- STUDY MATERIAL -

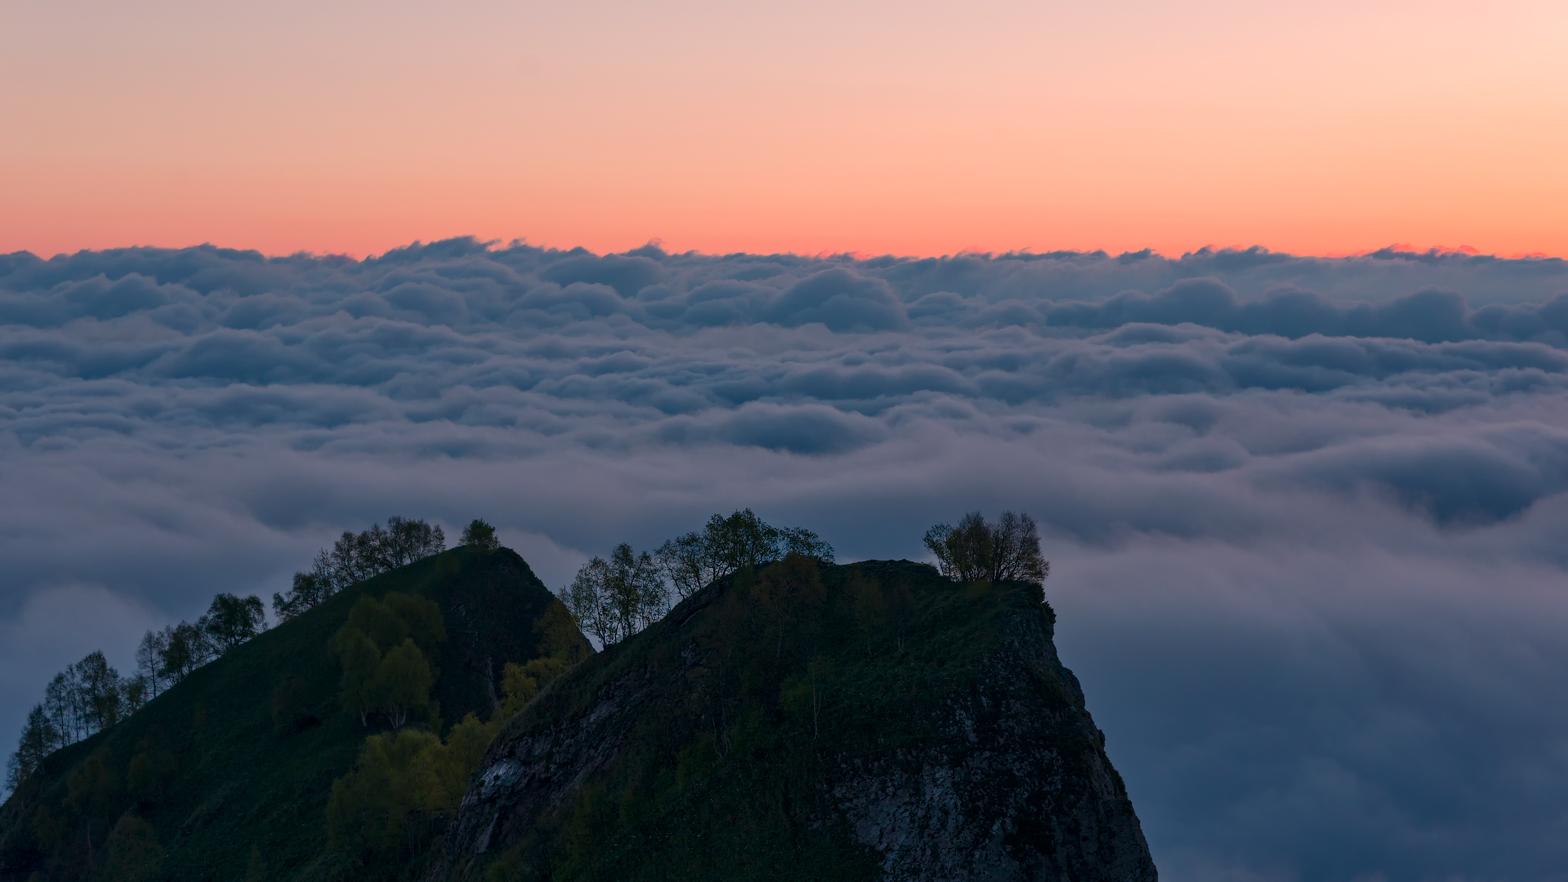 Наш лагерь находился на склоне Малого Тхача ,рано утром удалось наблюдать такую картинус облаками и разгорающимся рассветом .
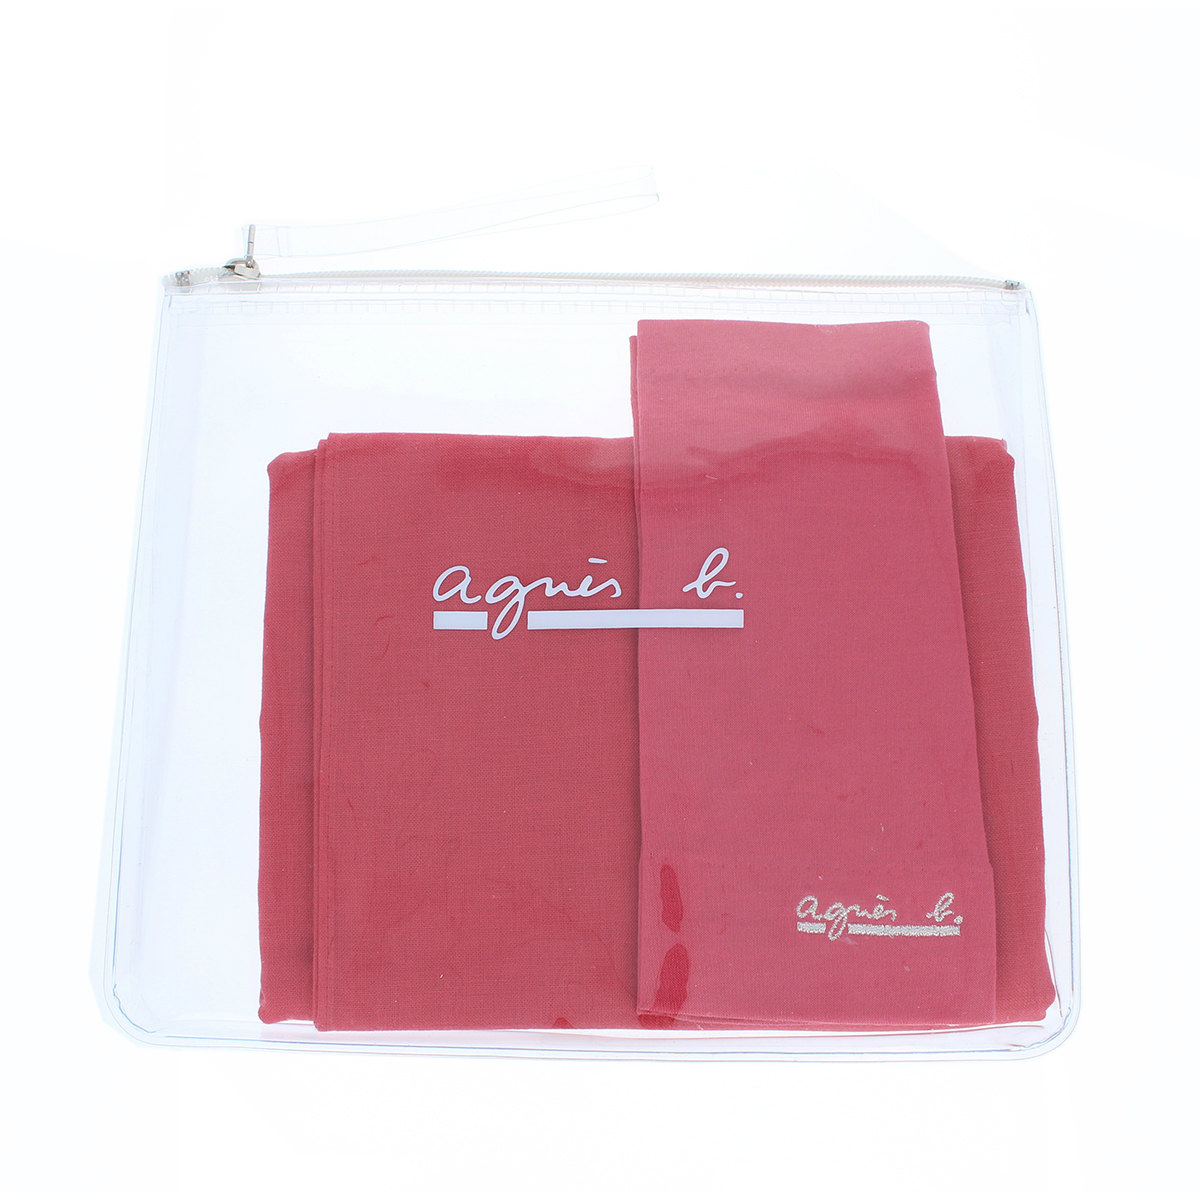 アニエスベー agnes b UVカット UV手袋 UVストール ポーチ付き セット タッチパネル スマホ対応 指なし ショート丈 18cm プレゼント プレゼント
--
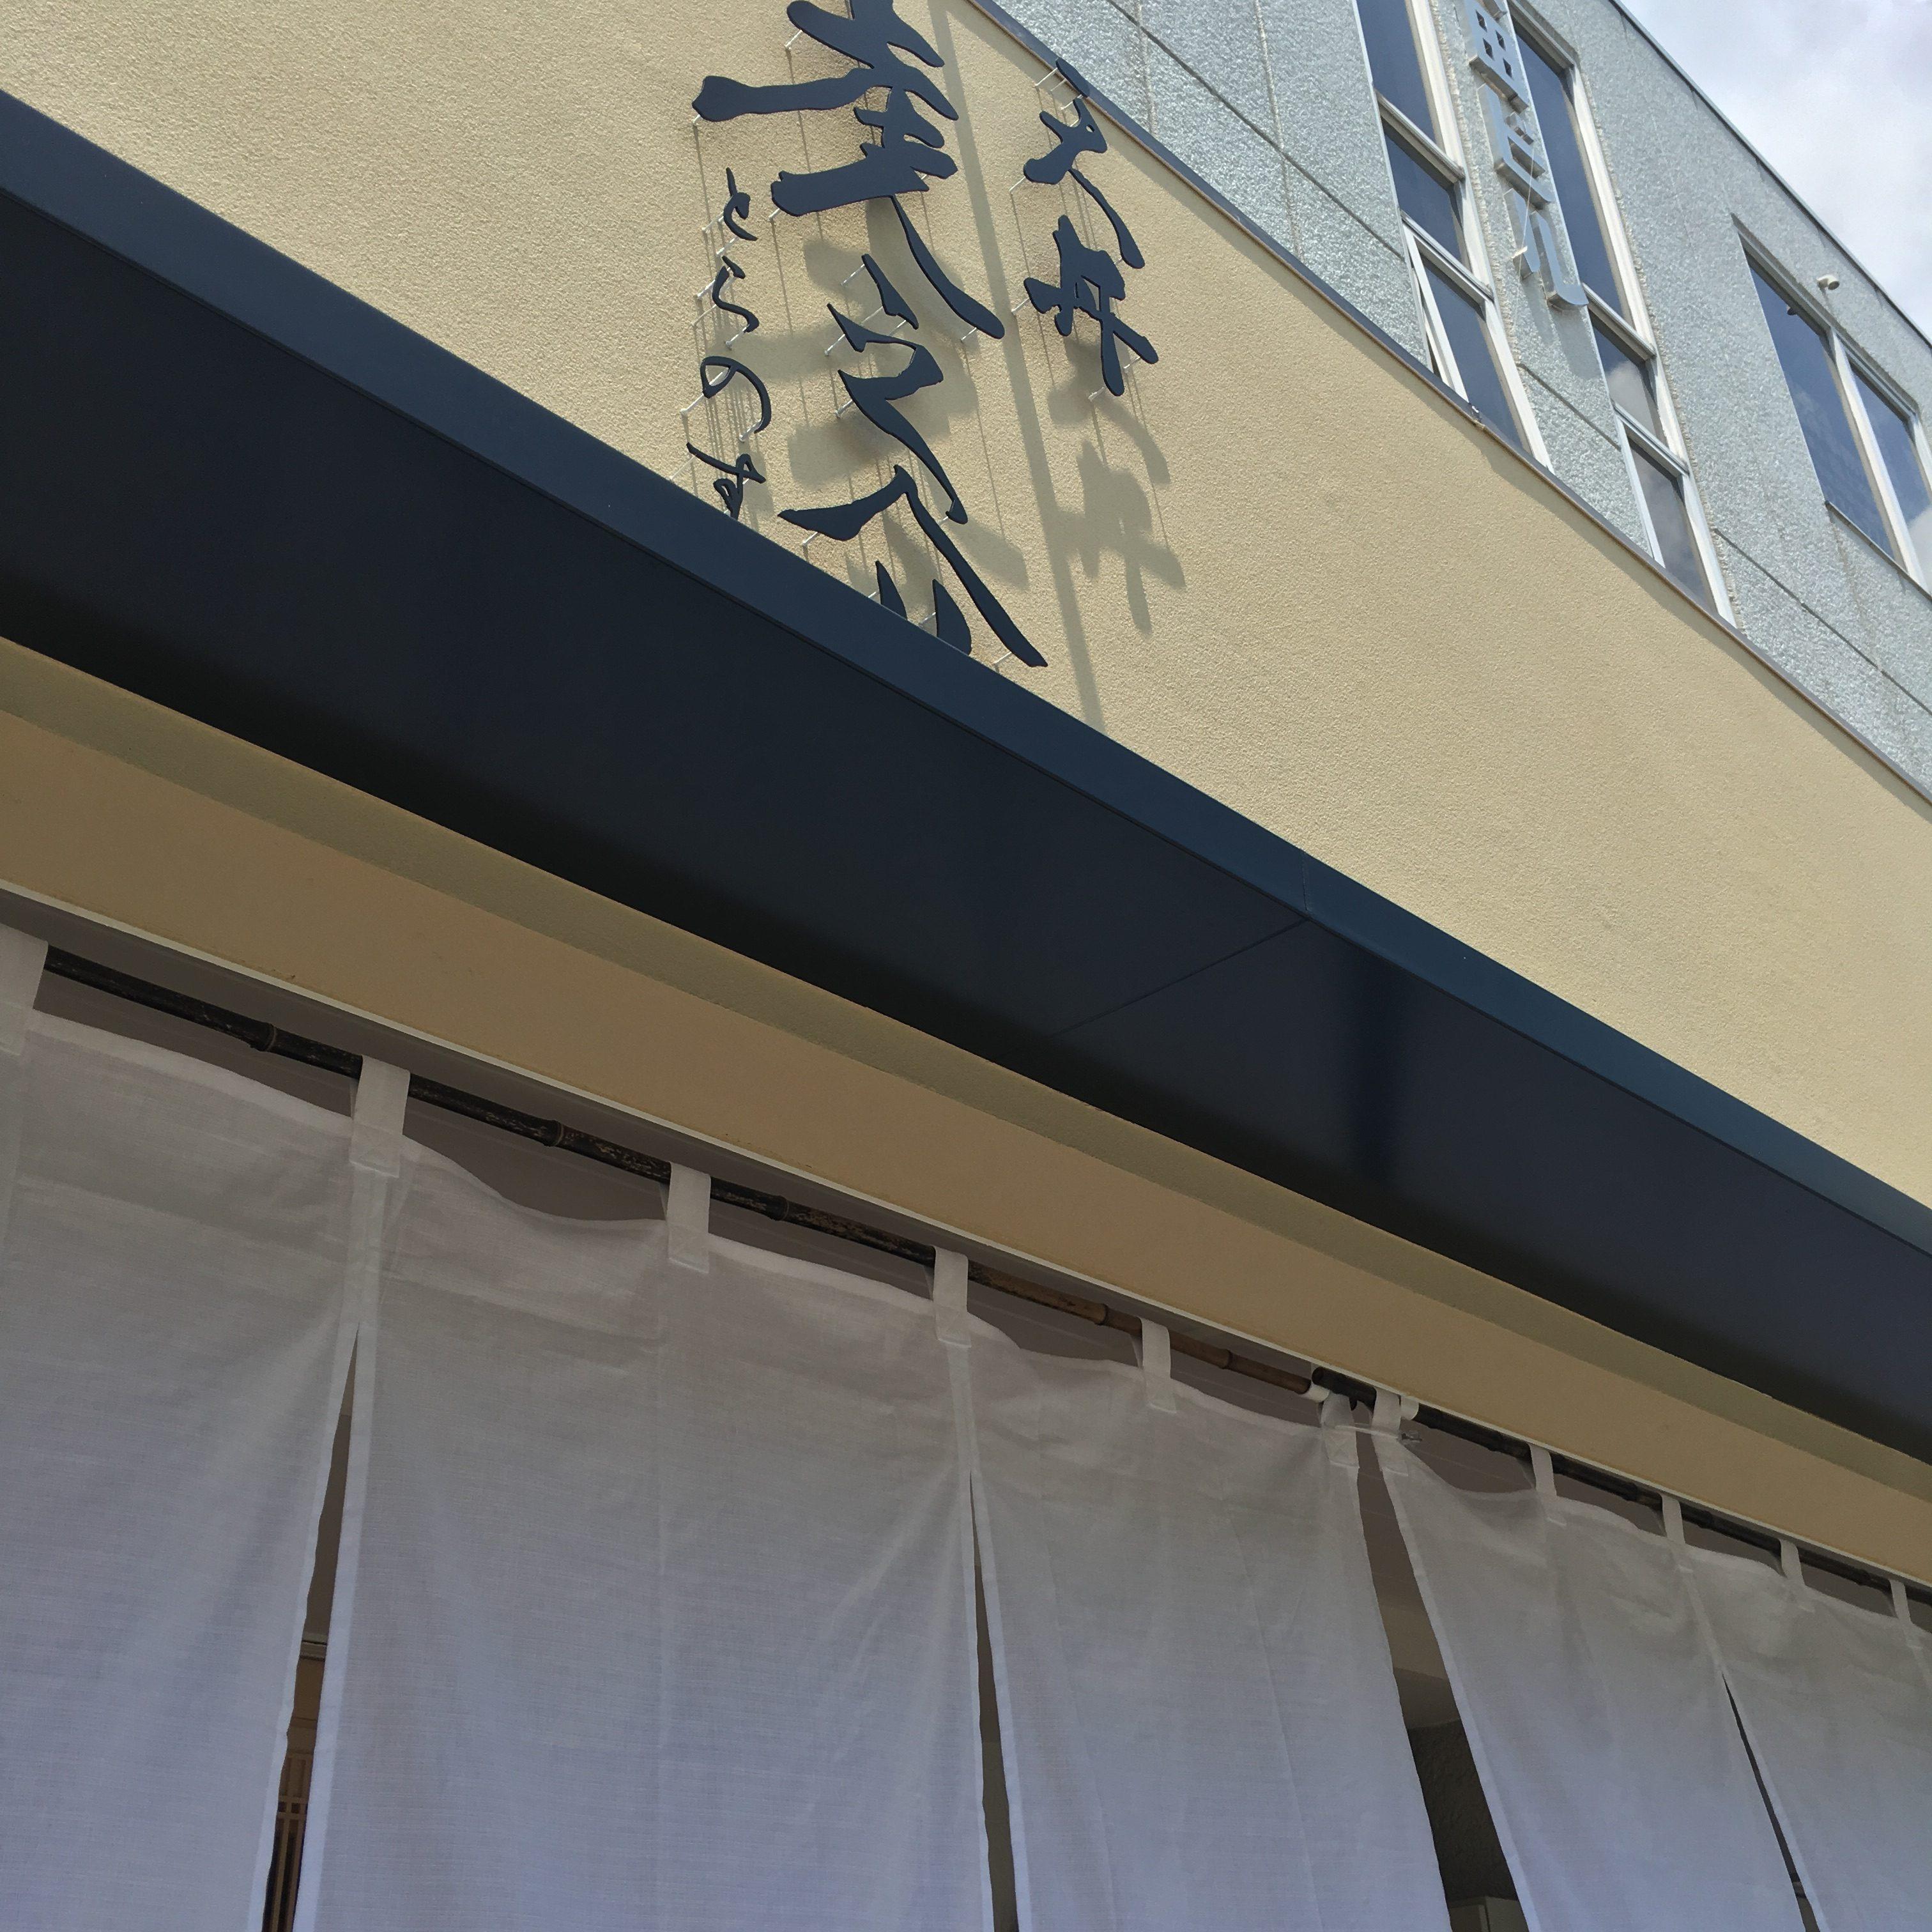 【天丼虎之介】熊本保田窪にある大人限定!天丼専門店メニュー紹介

- WORK TO COMPLETE -
In the listing above, find the line holding "Наш лагерь находился" and the line holding "アニエスベー agnes b". Reproduce those two lines and all between them exactly, leaving out pictures.

- WORKED SOLUTION -
 Наш лагерь находился на склоне Малого Тхача ,рано утром удалось наблюдать такую картинус облаками и разгорающимся рассветом .
 アニエスベー agnes b UVカット UV手袋 UVストール ポーチ付き セット タッチパネル スマホ対応 指なし ショート丈 18cm プレゼント プレゼント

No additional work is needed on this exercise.